To do economic dispatch, we need to know how much it would cost to generate one more MW at a particular generator. This is known as the incremental or marginal cost. For example, for the cubic cost curve model, the incremental cost for each generator is modeled using the formula:

 li = ICi (Pgi) = ( bi + 2ci Pgi + 3di (Pgi) 2 ) * fuelcost   $/MWH

The plot of ICi(Pgi) as a function of Pgi is know as the incremental-cost curve. The economic dispatch for a system occurs when the incremental costs for all the generators (li) are equal. This value is known as the system l (lambda) or system incremental cost. Its value tells you how much it would cost to generate one more MW for one hour. The system lambda becomes important when trying to determine whether or not an area should buy or sell power. For example, if an area can buy power for cheaper than it can generate it, it might be a good idea for the area to buy power.

Generators that are allowed to participate in economic dispatch control will have their MW limits enforced regardless of how any of the options specifying that MW limits be enforced are set.

Area Slack Bus Control

Only the output of the area’s slack bus changes automatically to drive the area control error (ACE) to zero. This type of generation control is usually only good for small disturbances to the injections and/or transactions in a case, and can often fail to find a solution when larger disturbances are examined.

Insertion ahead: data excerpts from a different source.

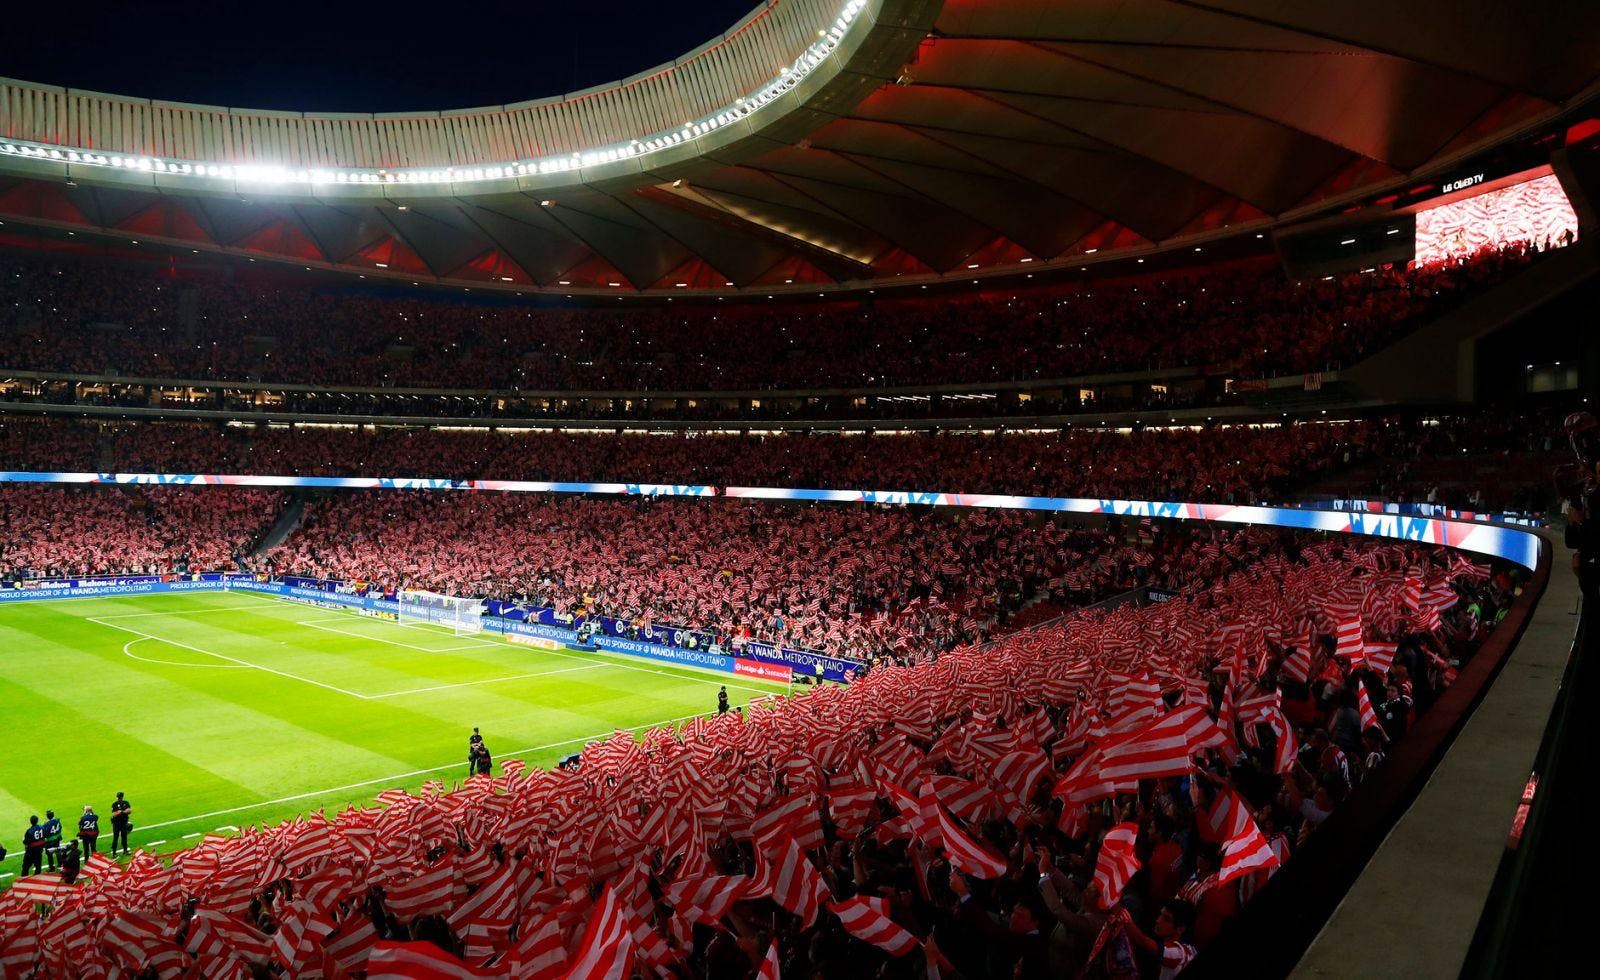 Club Atlético de Madrid v Getafe CF - VIP Hospitality Tickets
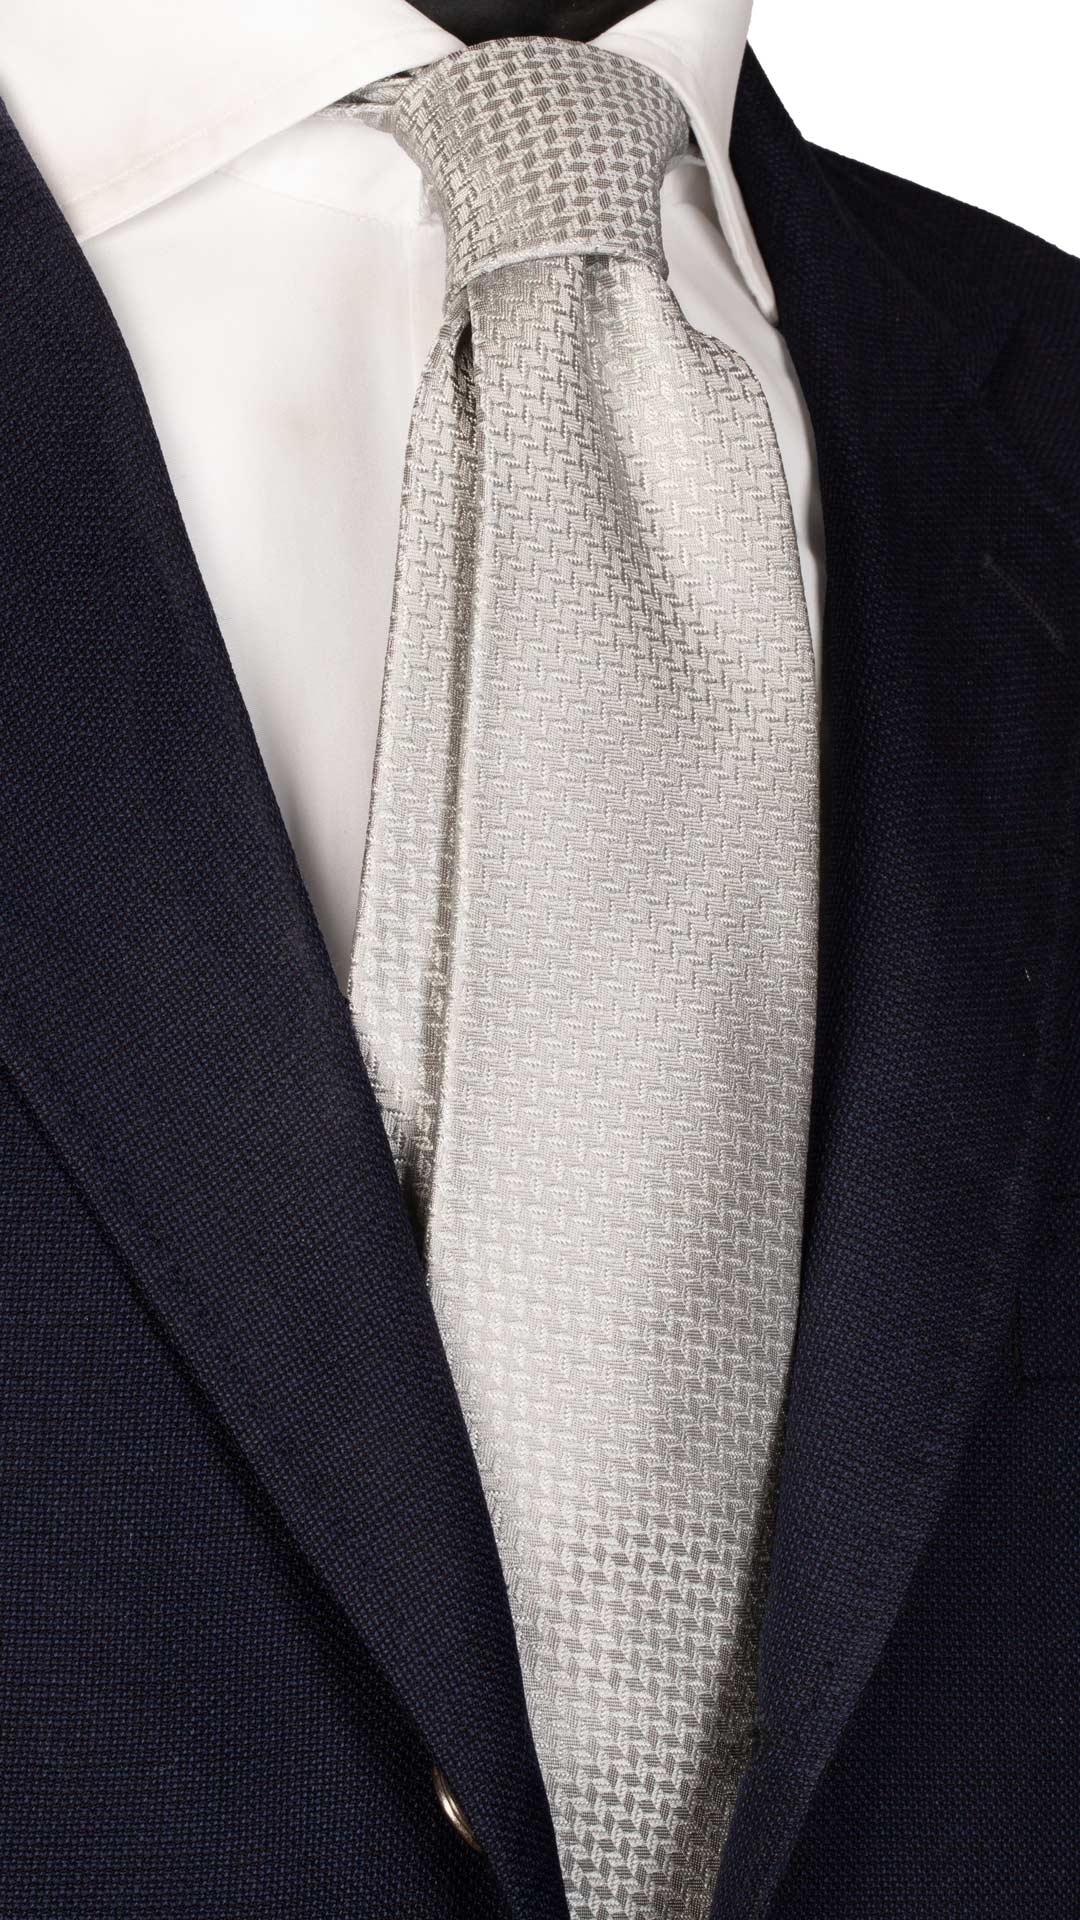 Cravatta da Cerimonia di Seta Grigio Argento Fantasia Bianca Made in Italy Graffeo Cravatte
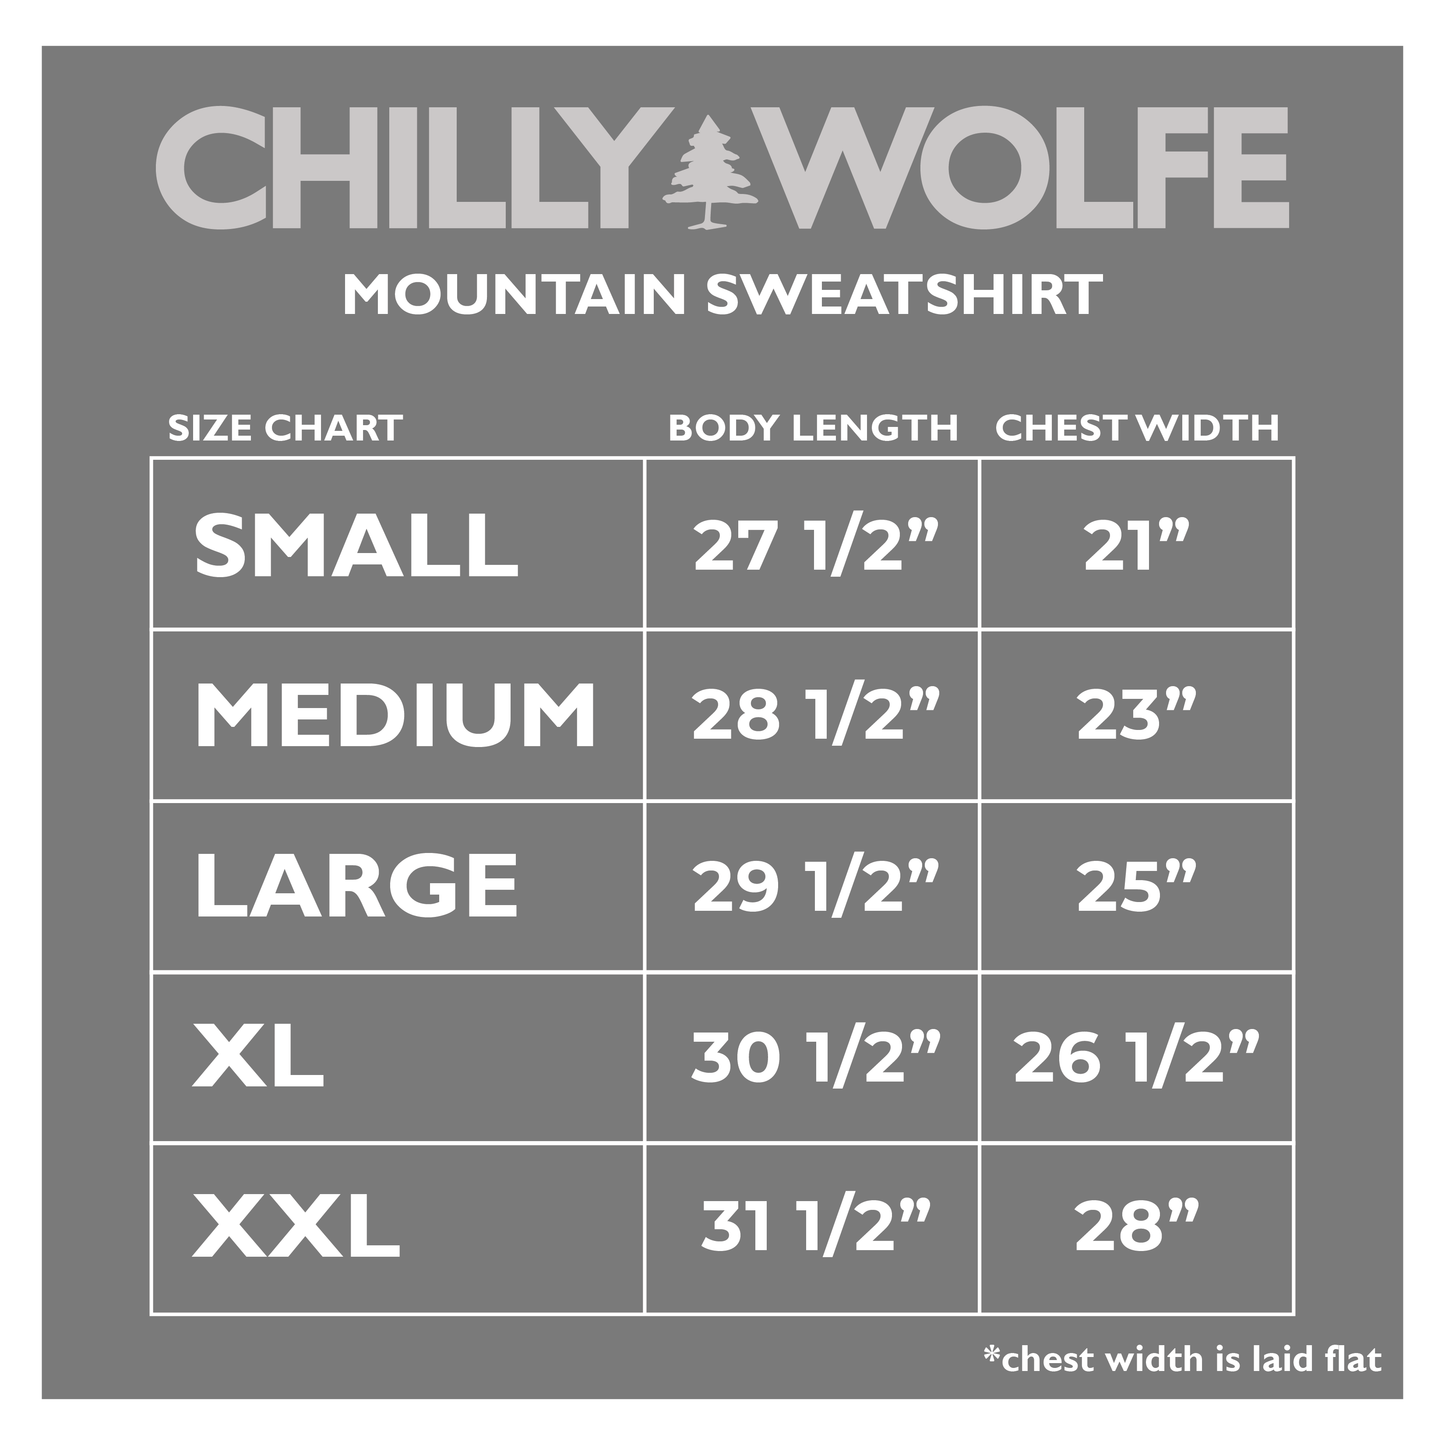 Mountain sweatshirt
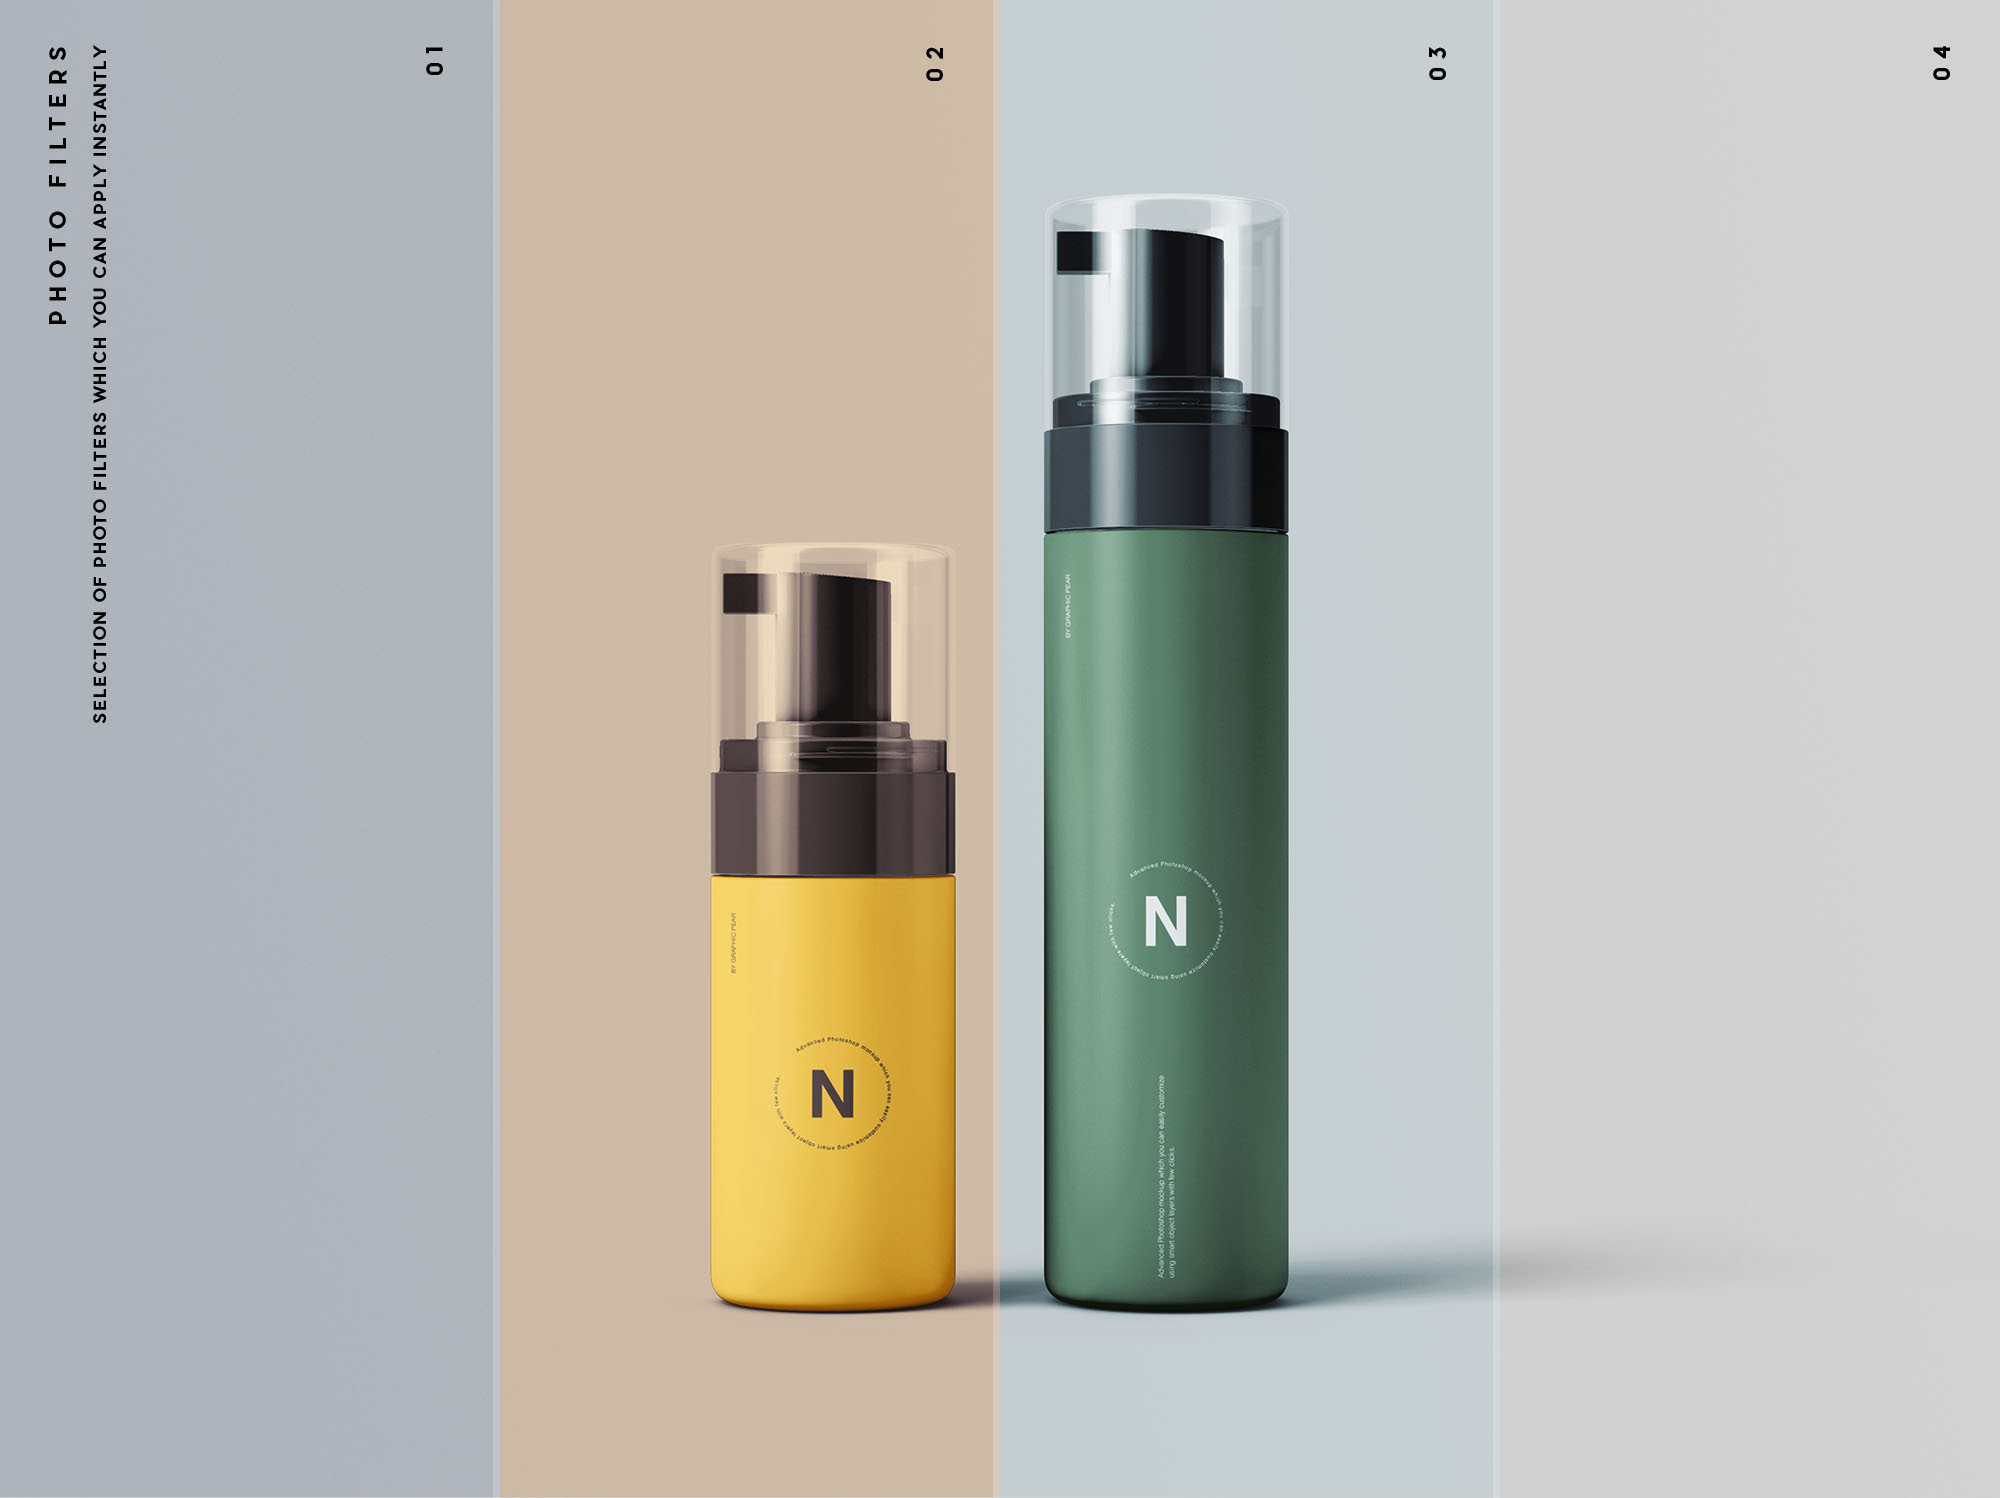 按压式化妆品护肤品瓶外观设计素材中国精选模板 Cosmetic Bottles Packaging Mockup插图(10)

Injection Group Area Slack Control

Only the Injection Group specified as the Injection Group Area Slack will change to automatically drive the area control error (ACE) to zero. This allows you to be very specific with each area as to which generation (or load) should vary to maintain ACE.

Optimal Power Flow (OPF)

The OPF option will only be available if you have the OPF add-on for PowerWorld Simulator. The OPF control is very similar to the Economic Dispatch control in that it attempts to dispatch generation to minimize costs. The additional function of the OPF is to minimize the costs while also obeying line, transformer, and interface limit constraints. This option is also not useful without realistic generator cost information, which usually must be obtained from another source and entered into Simulator to augment a load flow case.

The OPF control also relies on the cost curve in order to perform an economically optimal power flow. However, the OPF routine makes use of piecewise linear curves in its solution algorithm. This does not prevent you from entering the cost information as cubic cost models, described by the equation above. Rather Simulator’s OPF routine allows you to specify how to break up the cubic curve and model it as a piecewise linear curve for the OPF algorithm.

Generators that are allowed to participate in OPF control will have their MW limits enforced regardless of how any of the options specifying that MW limits be enforced are set.

 

In addition, you can also enter piecewise linear curves directly instead of the cubic cost curve models. In fact, a mixture of piecewise linear and cubic models is acceptable. For the economic dispatch routine, whichever type of model is entered will be used directly for each generator. For the OPF routine, all piecewise linear curves entered directly will be used as is, and any cubic models entered will be converted to piecewise linear curves internally during the processing of the OPF algorithm.